▶ Task directions
Exclude the pictures and repeat all of the data exactly.

▶ Information shown

BEGIN

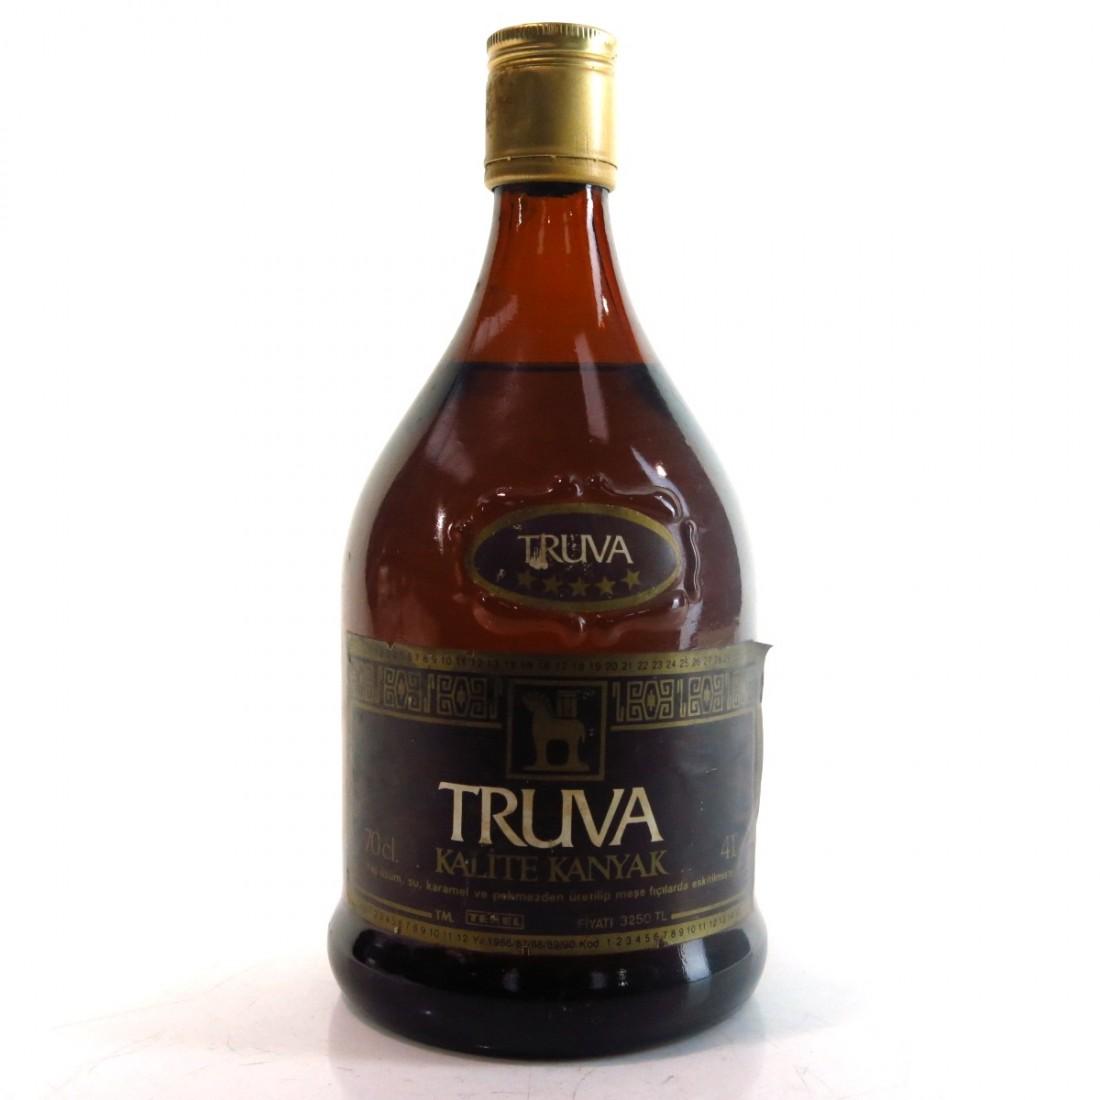 Truva Kalite Kanyak Brandy
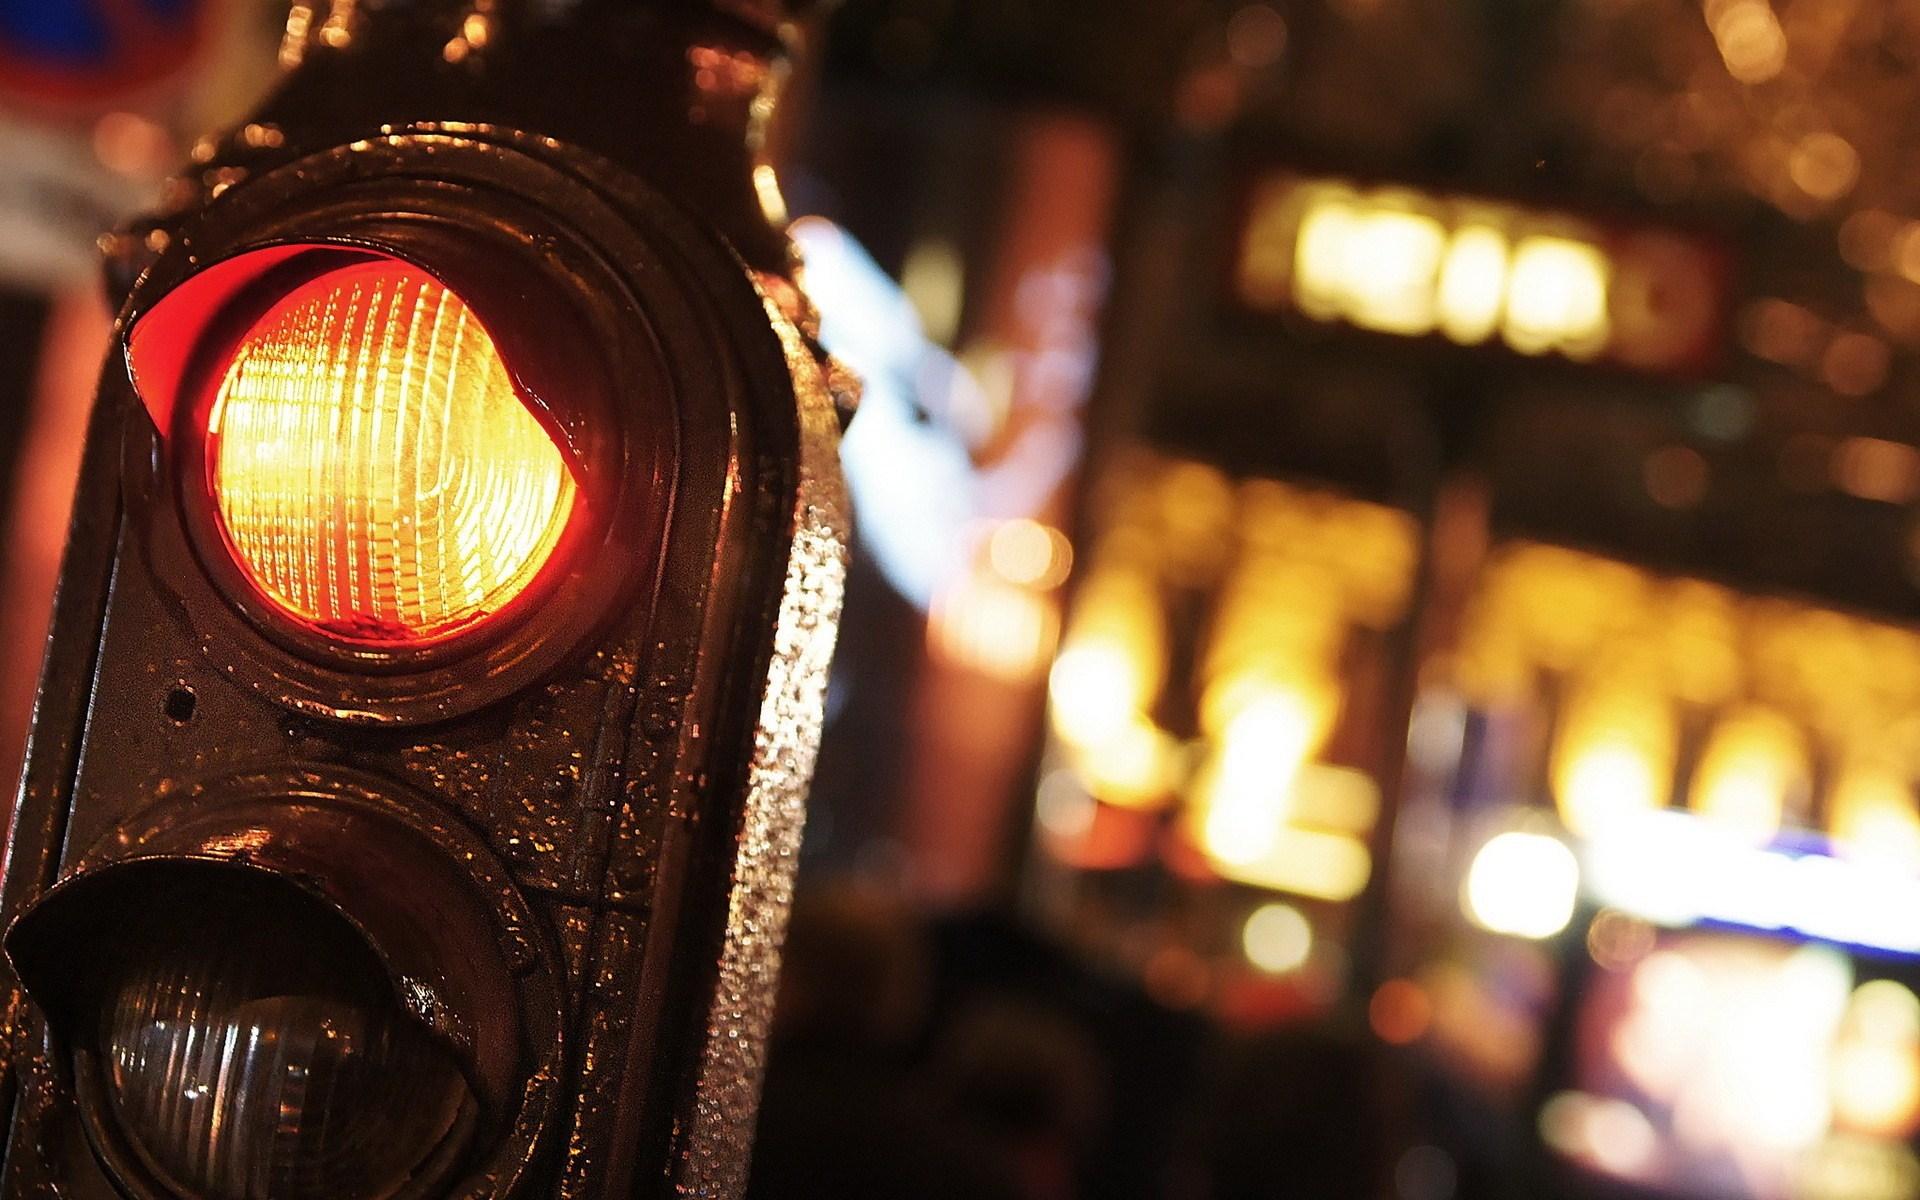 traffic-lights-night-city-close-up-photo
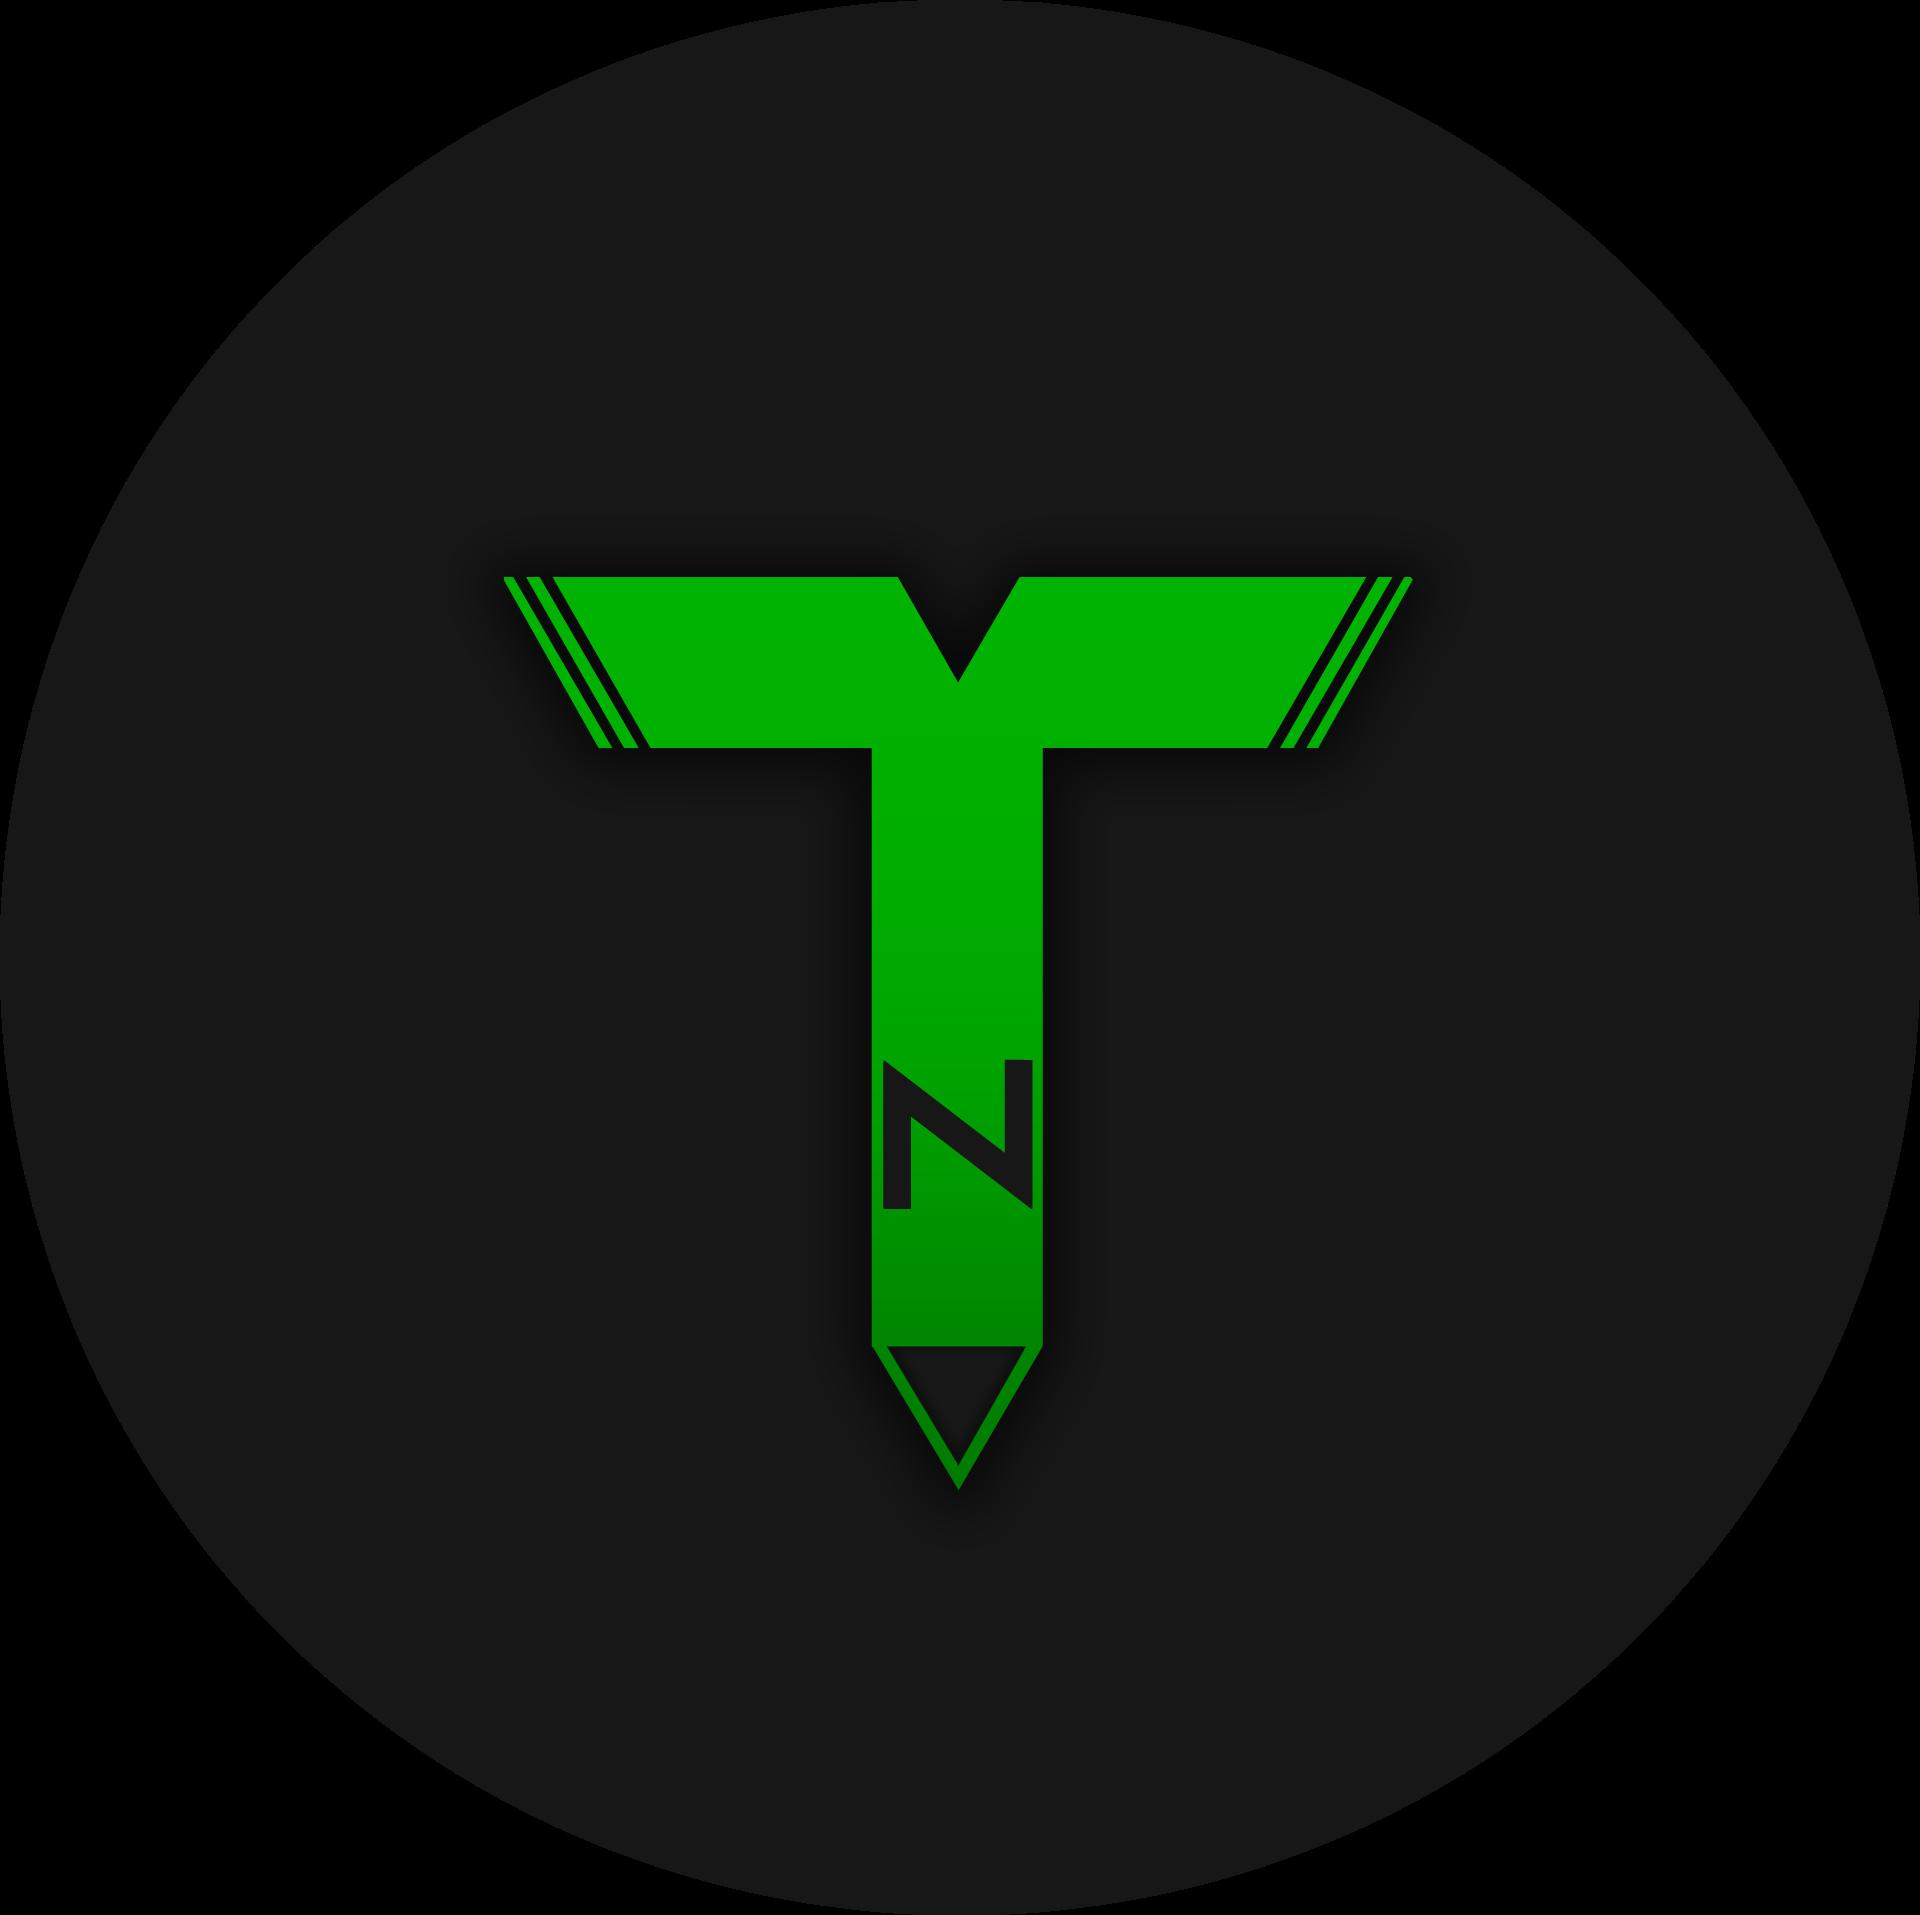 Thanlex.net

END

▶ The completed task
 Truva Kalite Kanyak Brandy
 traffic-lights-night-city-close-up-photo
 Thanlex.net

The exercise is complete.